Richard Loosemore rpwl at lightlink.com
Sat Feb 26 21:29:32 UTC 2011


Eugen Leitl wrote:
 > ... for [these libertarian/anarchist proposals] to work you need to
 > patch the human primate.

Did you really say that?  You are suggesting that libertarians need
to ... what?... brainwash people? ... cut out bits of their brains to
change their behavior? ... genetically engineer them?  :-(

I am not sure if you are advocating that idea, or telling me that all
these proposed libertarian/anarchist ideas are dumb *because* they
impplicitly assume that humans have been "patched" in some way.

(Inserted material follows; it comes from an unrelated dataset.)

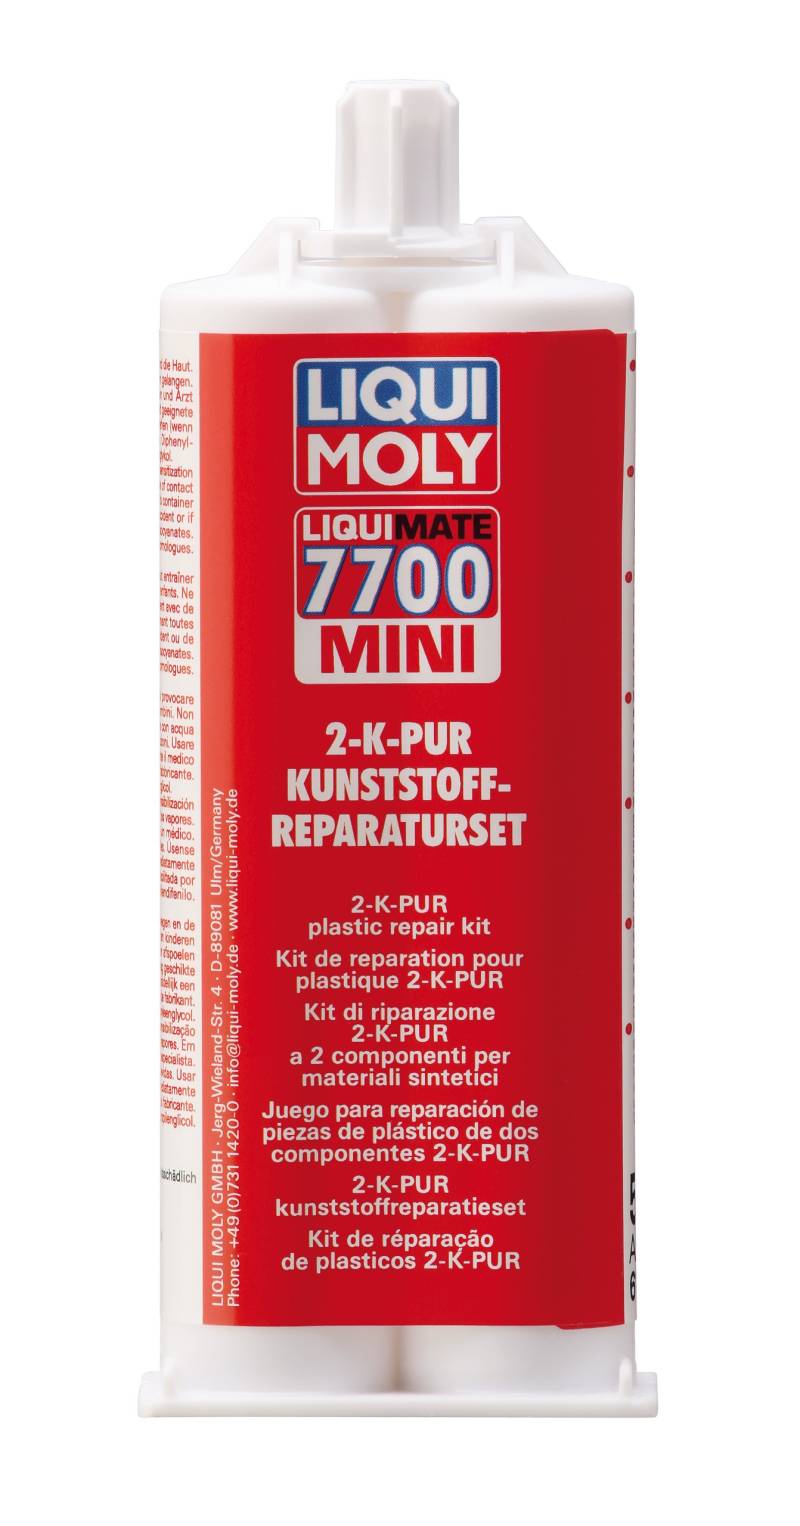 LIQUI MOLY Liquimate 7700 Mini Kartusche | 50 ml | Klebstoff | Art.-Nr.: 6162 von Liqui Moly

 > Relevant aspects of human societies cannot yet be modelled
 > effectively.

So there is really no code, no proof whatsoever, that these
mechanisms will actually work?  You know, when some AGI researchers
don't have working code, they get slammed.  But those AGI researchers
are actually working to produce the code, even as they get slammed ...
whereas you seem to be saying that libertarian fantasies *cannot* yet
be modeled, so I guess those fantasies deserve to be slammed even more
than AGI theories, for which code is on the way.

 > Energy as currency backing is not useful, because it gets consumed
 > in the process. However, it would make sense to tie currency value
 > to a basket of raw resources, with periodically adjustable
 > composition and coefficients, which have to be however resistant to
 > gaming.
 >
 > It would be a return to metal-backed/non-fiats, but without the
 > disadvantages. Since we've been there, and we know the system is
 > currently poorly managed the risk would be probably low.

But all that was pure speculation, and more speculation is hardly a
response to my request for proof.

(And, BTW, the vast majority of economists seem to think that going
back to a metals standard is crazy in spades.)

 > Yes, you have to fix the agent. Current agent's won't do.

Again, this is mind-boggling.

I really want to hear more about this "fixing the agent" business.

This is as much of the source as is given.